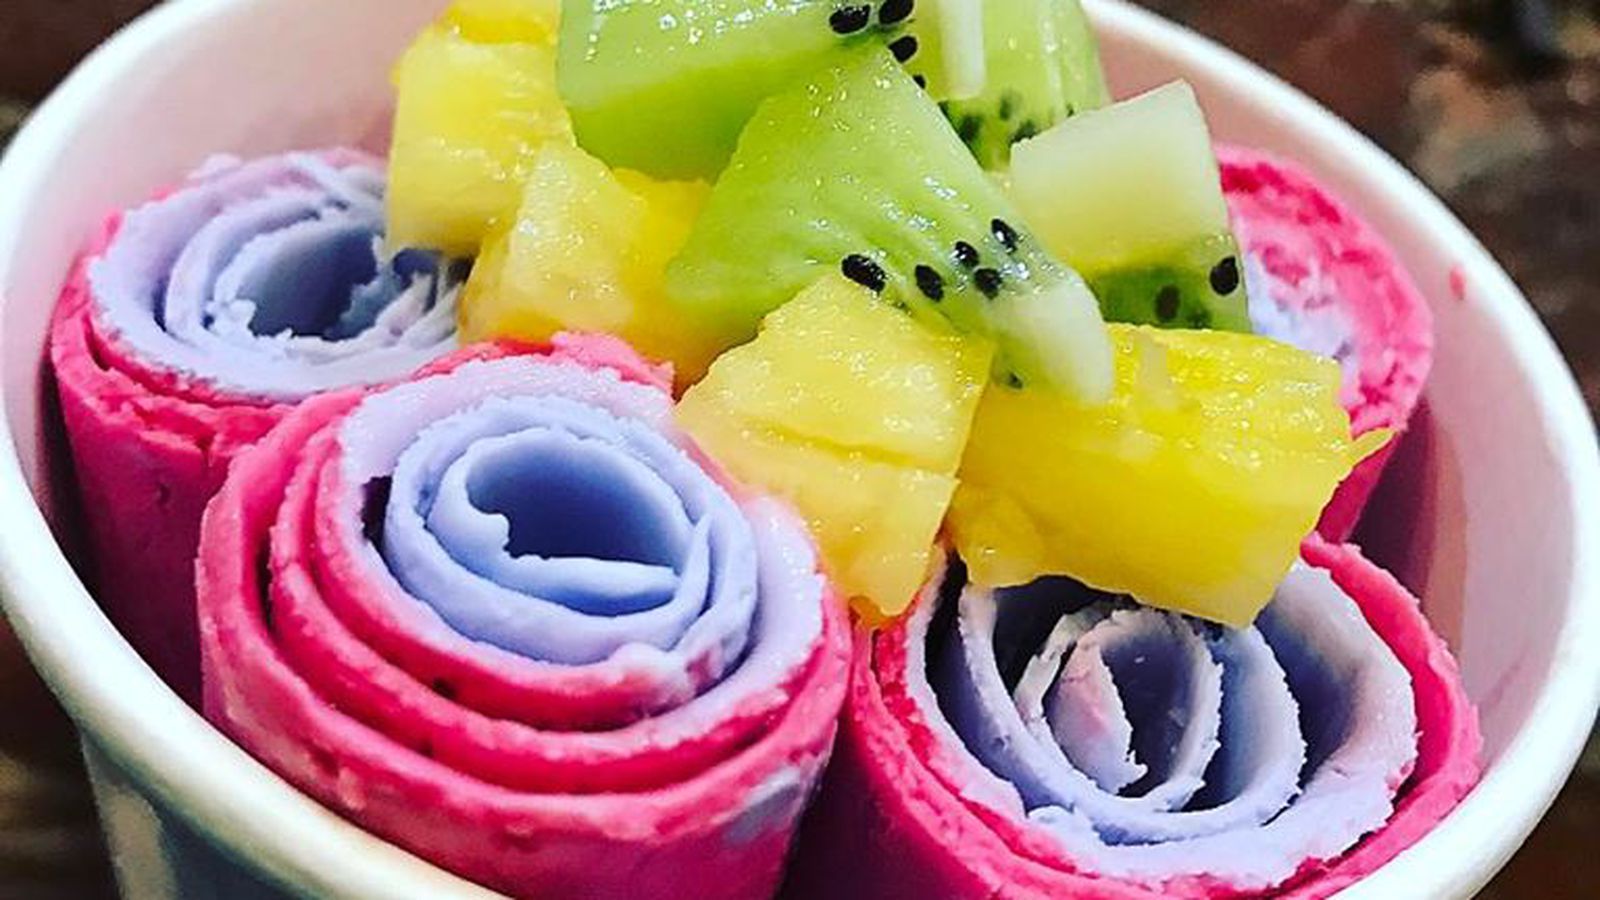 Juicy Spot Cafe Opens Thursday With Ice Cream Rolls, Smoothies, Juices, and More
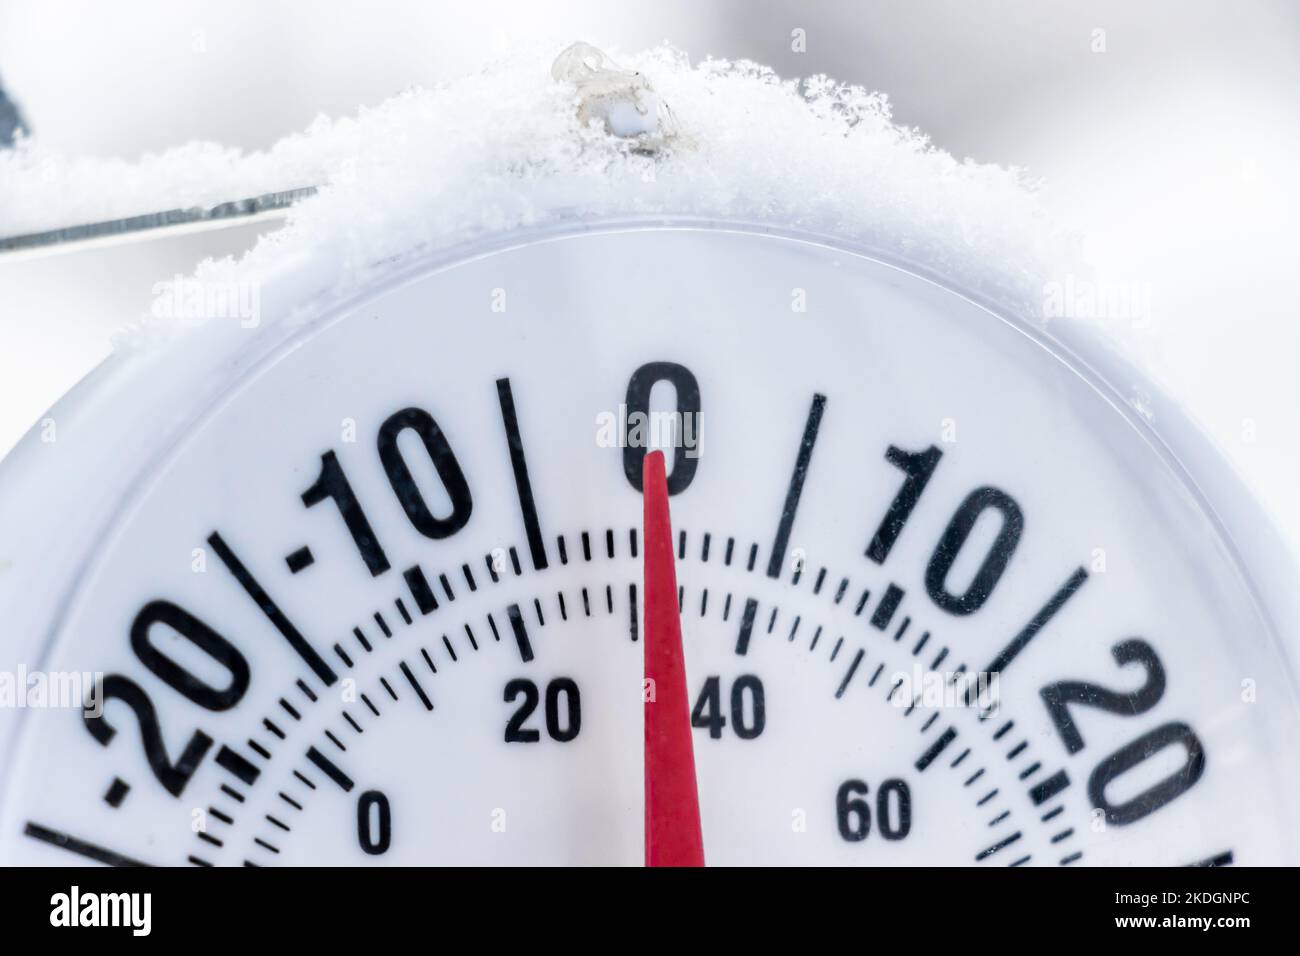 Outside thermometer showing lightly under frozen temperature, zero Celcius degrees or minus 32 Farhenheit. Winter snowing day. Stock Photo
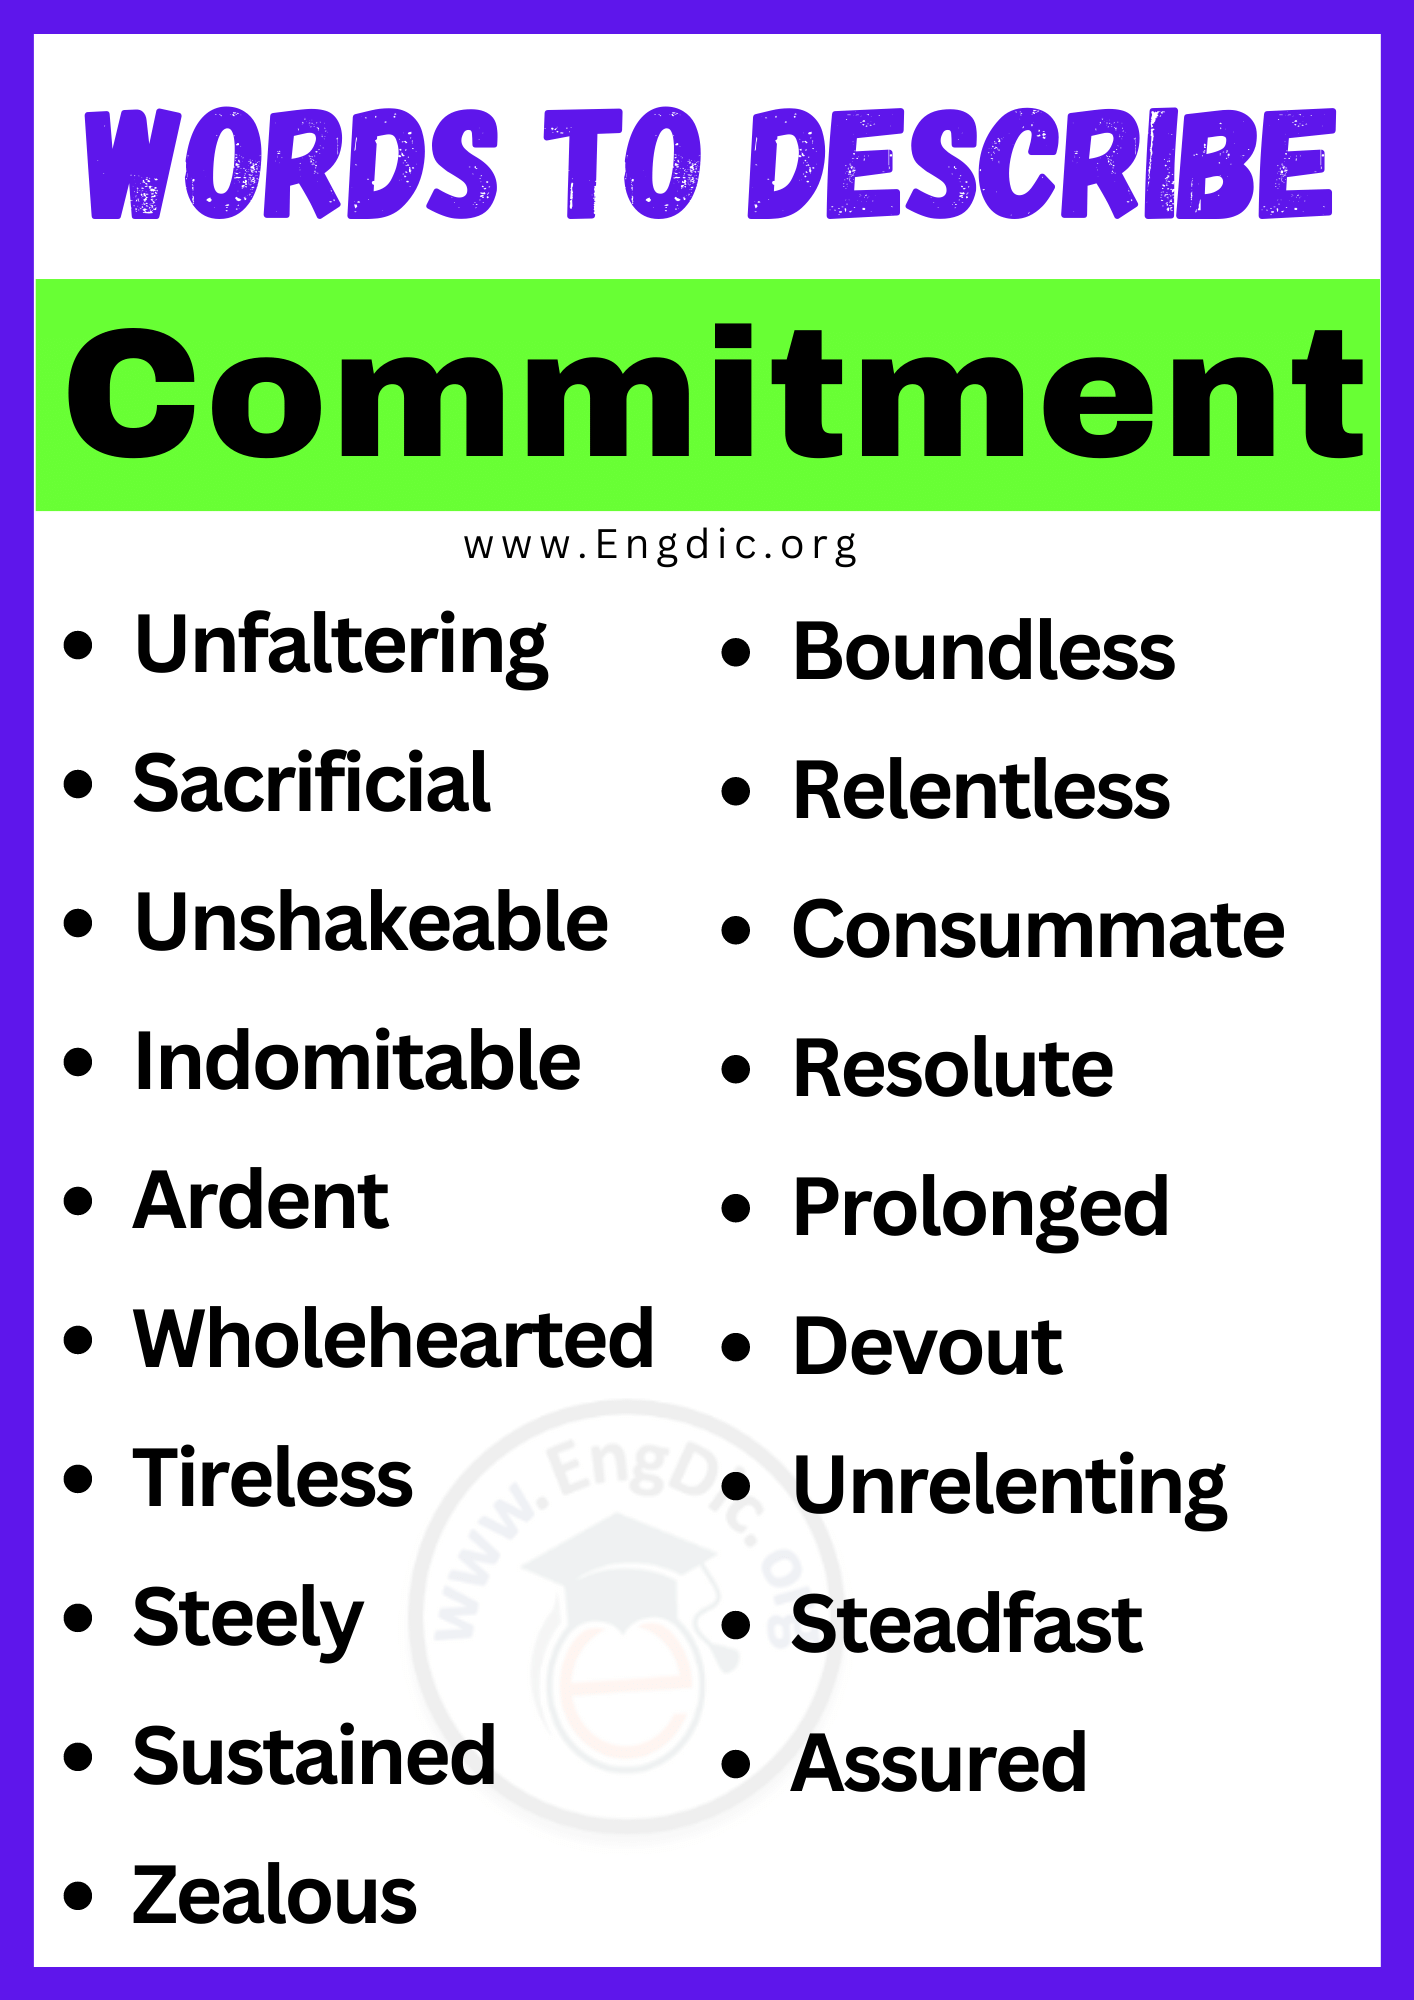 Words to Describe Commitment

--- Goal of the exercise ---
With the pictures omitted, give every line above again exactly.

--- Output below ---
 Juicy Spot Cafe Opens Thursday With Ice Cream Rolls, Smoothies, Juices, and More
 Outside thermometer showing lightly under frozen temperature, zero Celcius degrees or minus 32 Farhenheit. Winter snowing day. Stock Photo
 Words to Describe Commitment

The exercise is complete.